**DATASET CONTENT**:
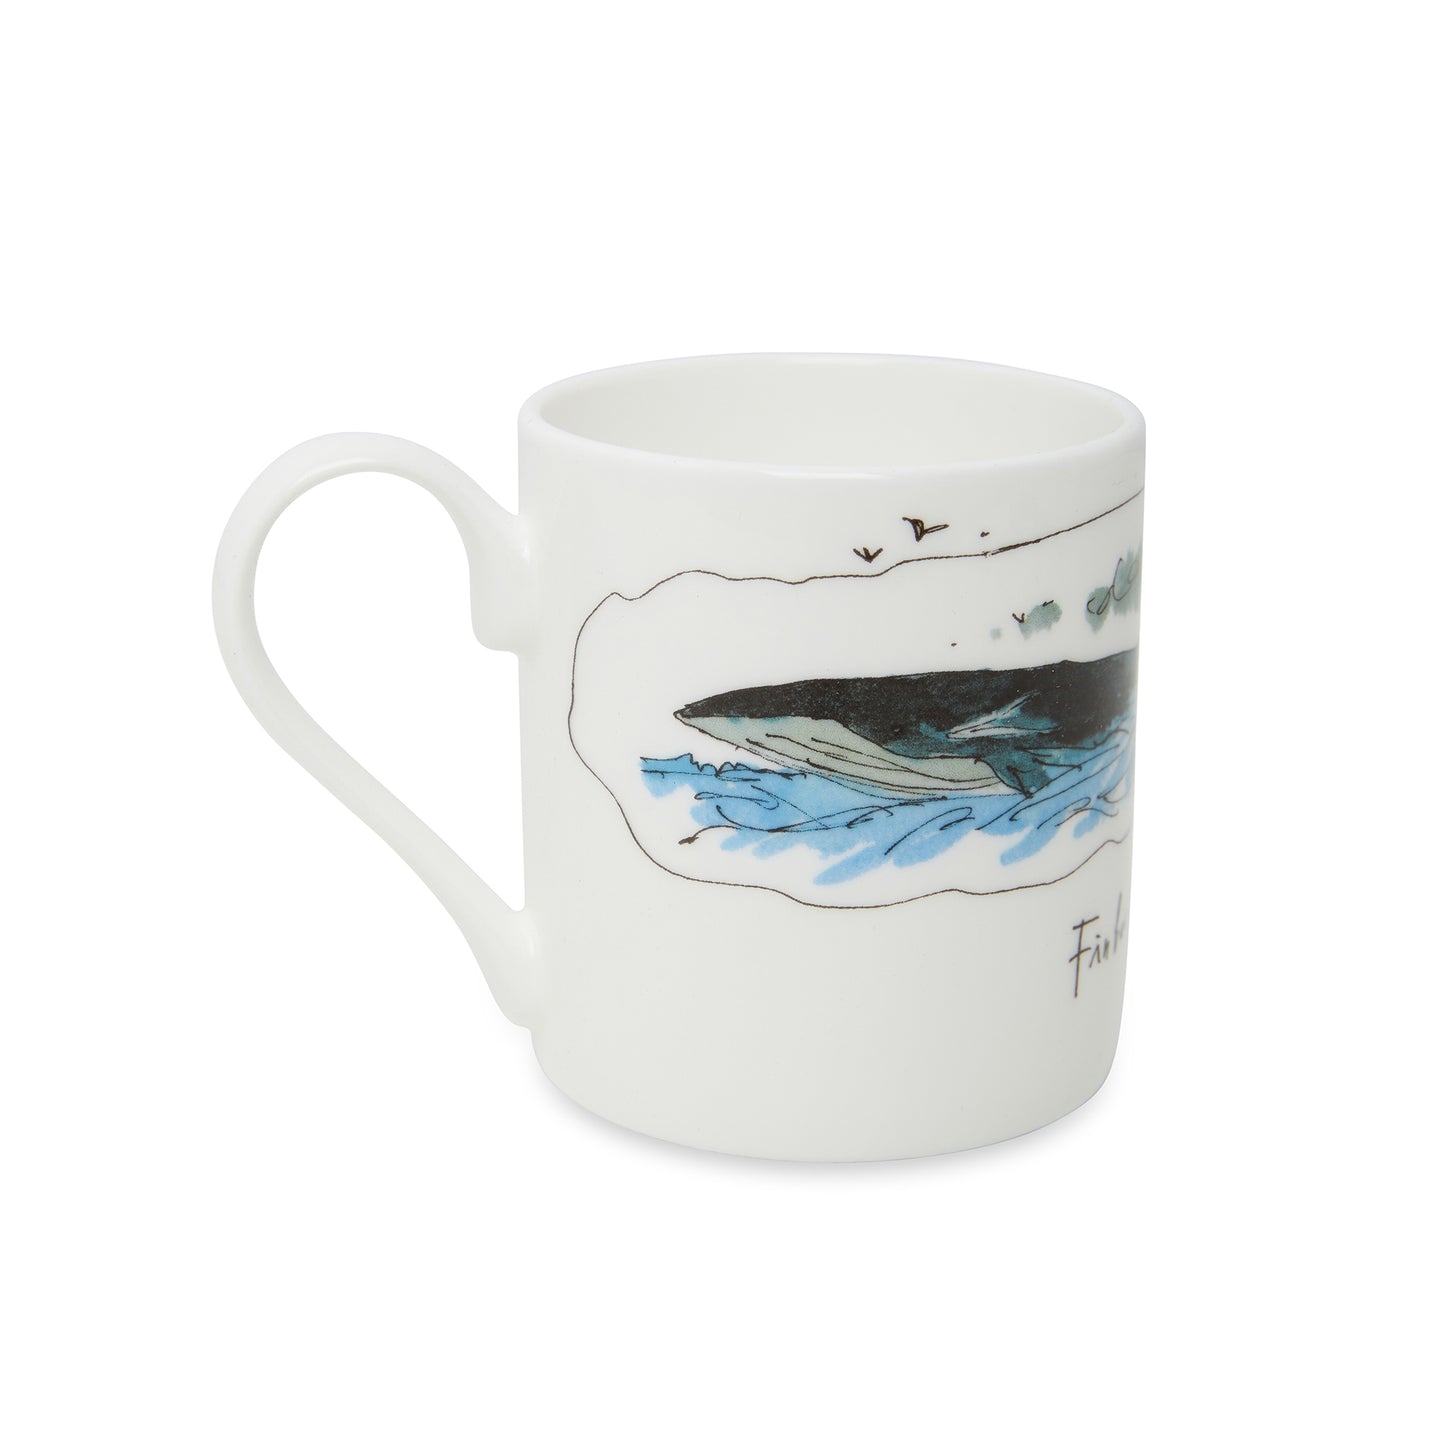 Mug featuring Quentin Blake Blue whale illustration
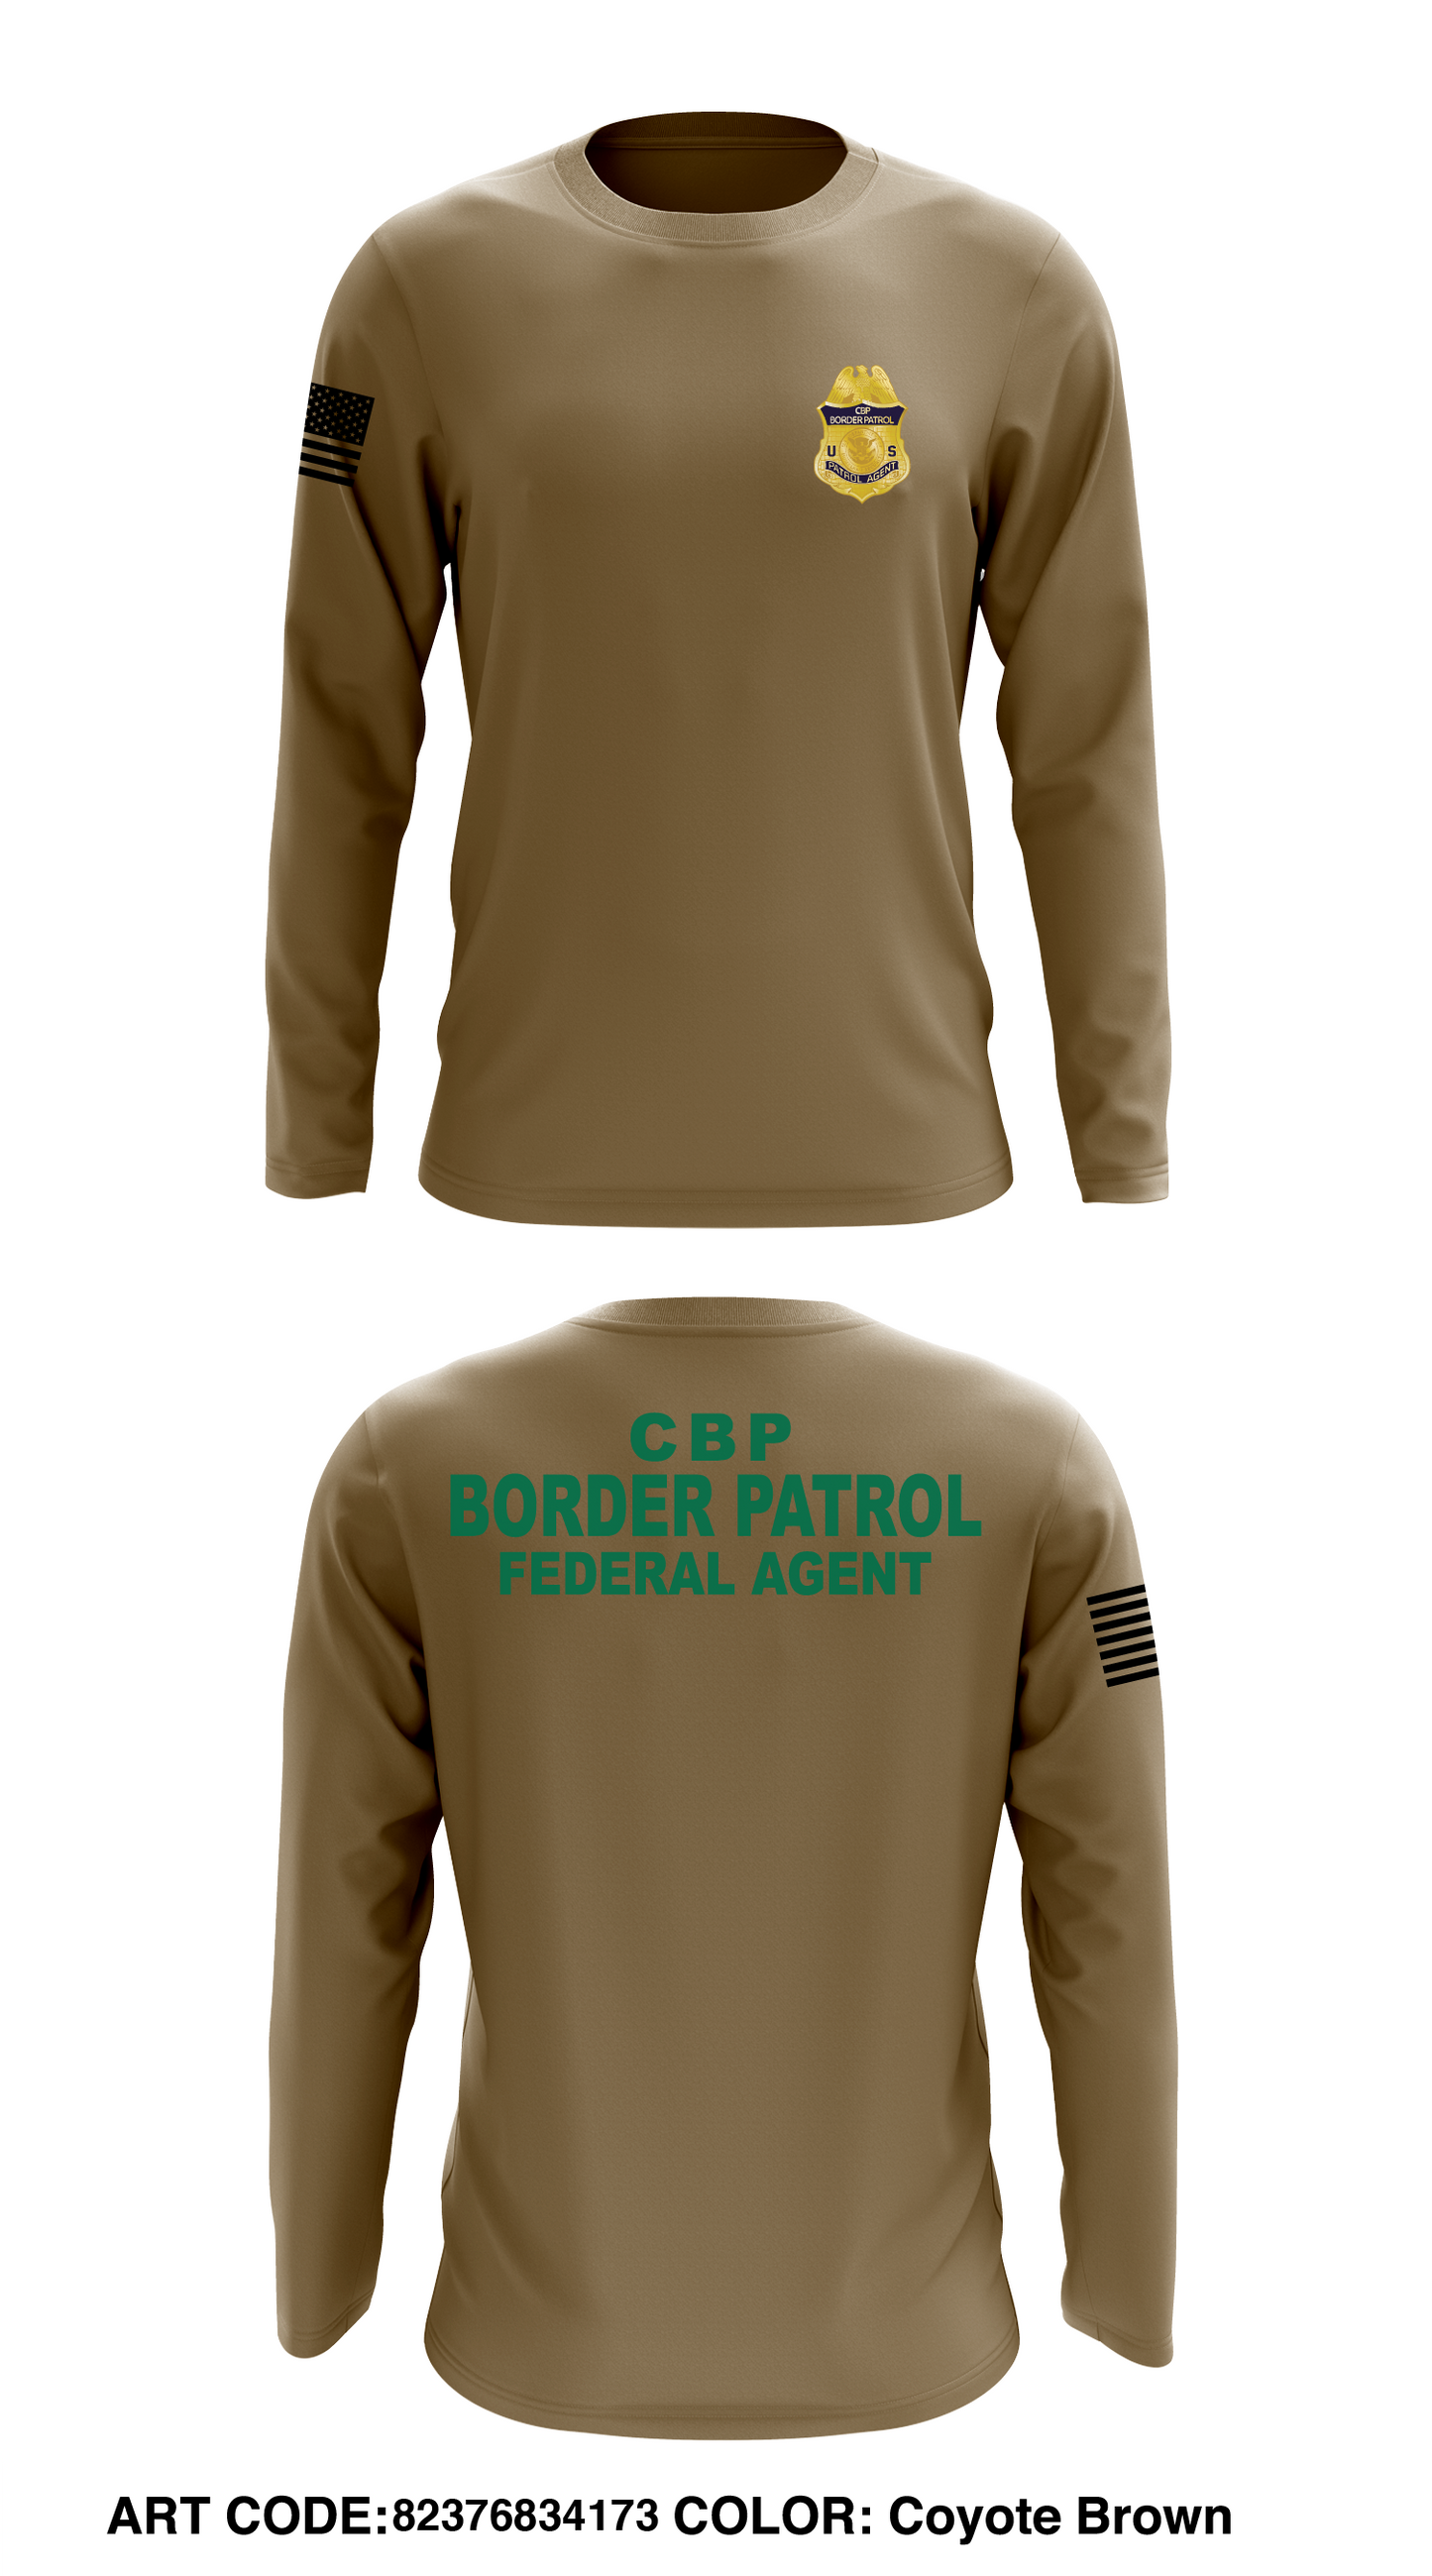 U.S. Border Patrol Store 1 Core Men's LS Performance Tee
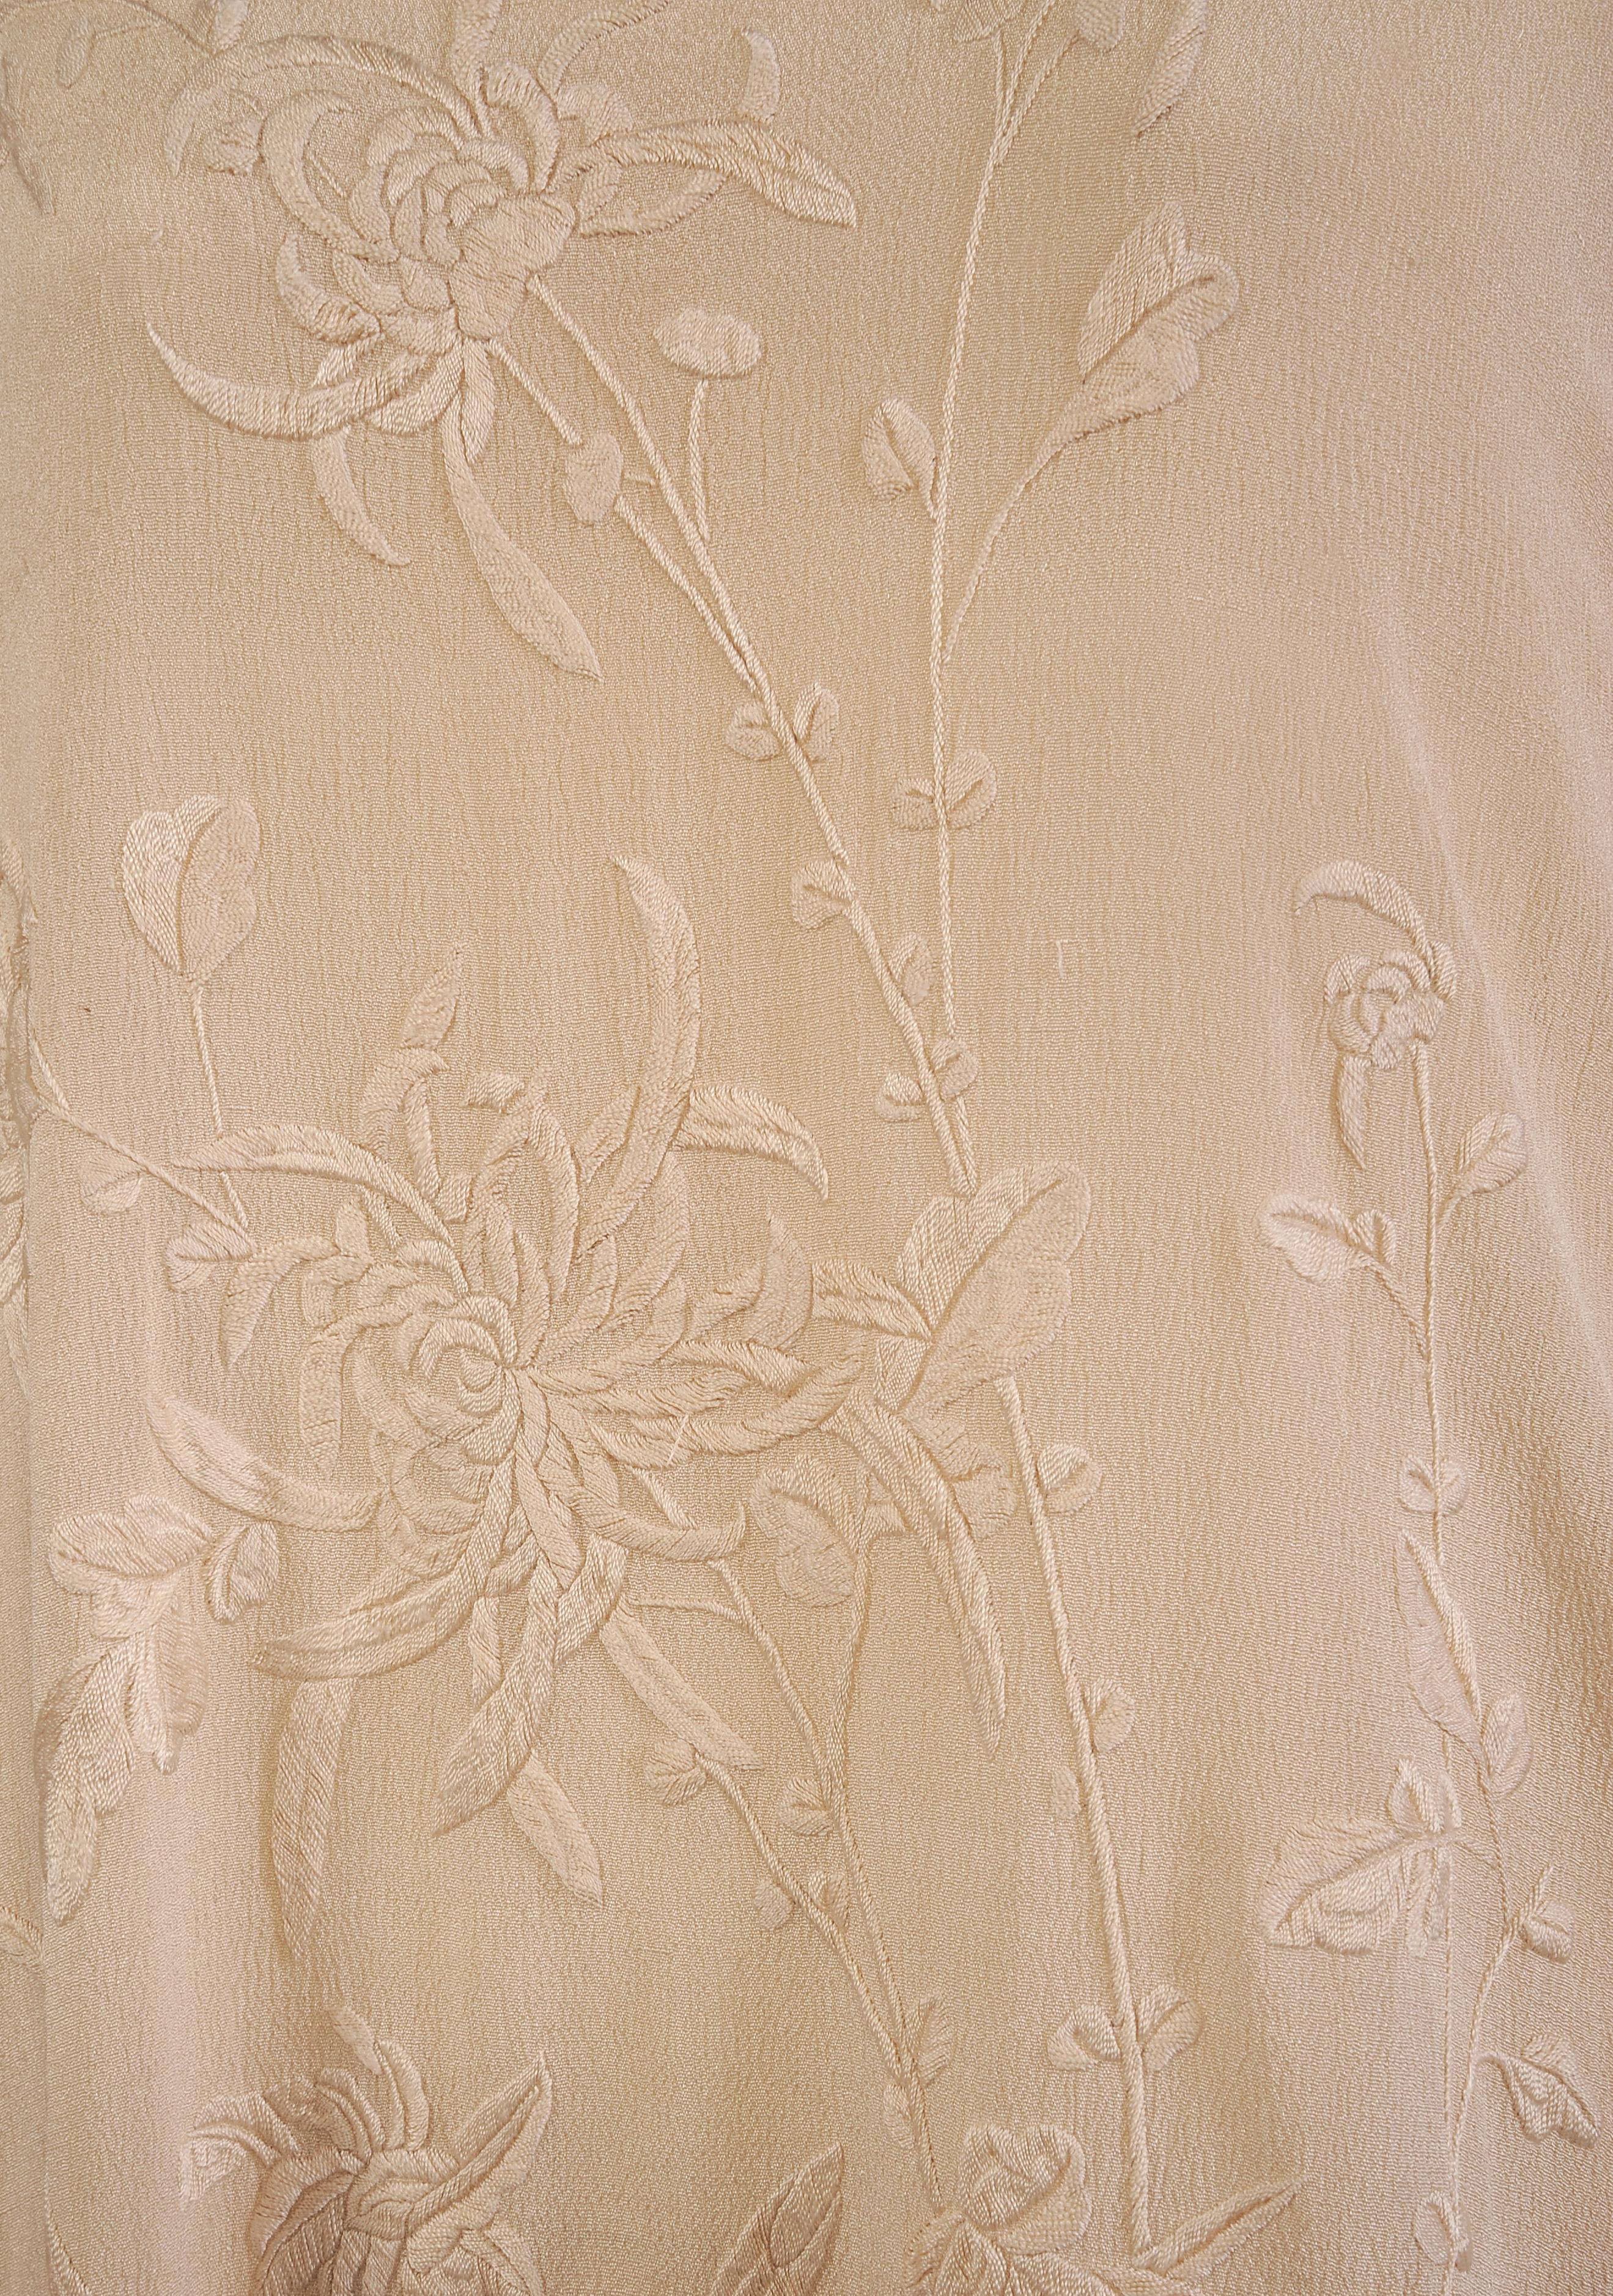 Women's Japanese Ivory Silk Hand Embroidery on an Ivory Silk 1920's Evening Dress

**EXERCISE REQUIREMENTS**: Without the pictures, repeat the listing above exactly.

**ANSWER BOX**:
 Mug featuring Quentin Blake Blue whale illustration
 U.S. Border Patrol Store 1 Core Men's LS Performance Tee
 Women's Japanese Ivory Silk Hand Embroidery on an Ivory Silk 1920's Evening Dress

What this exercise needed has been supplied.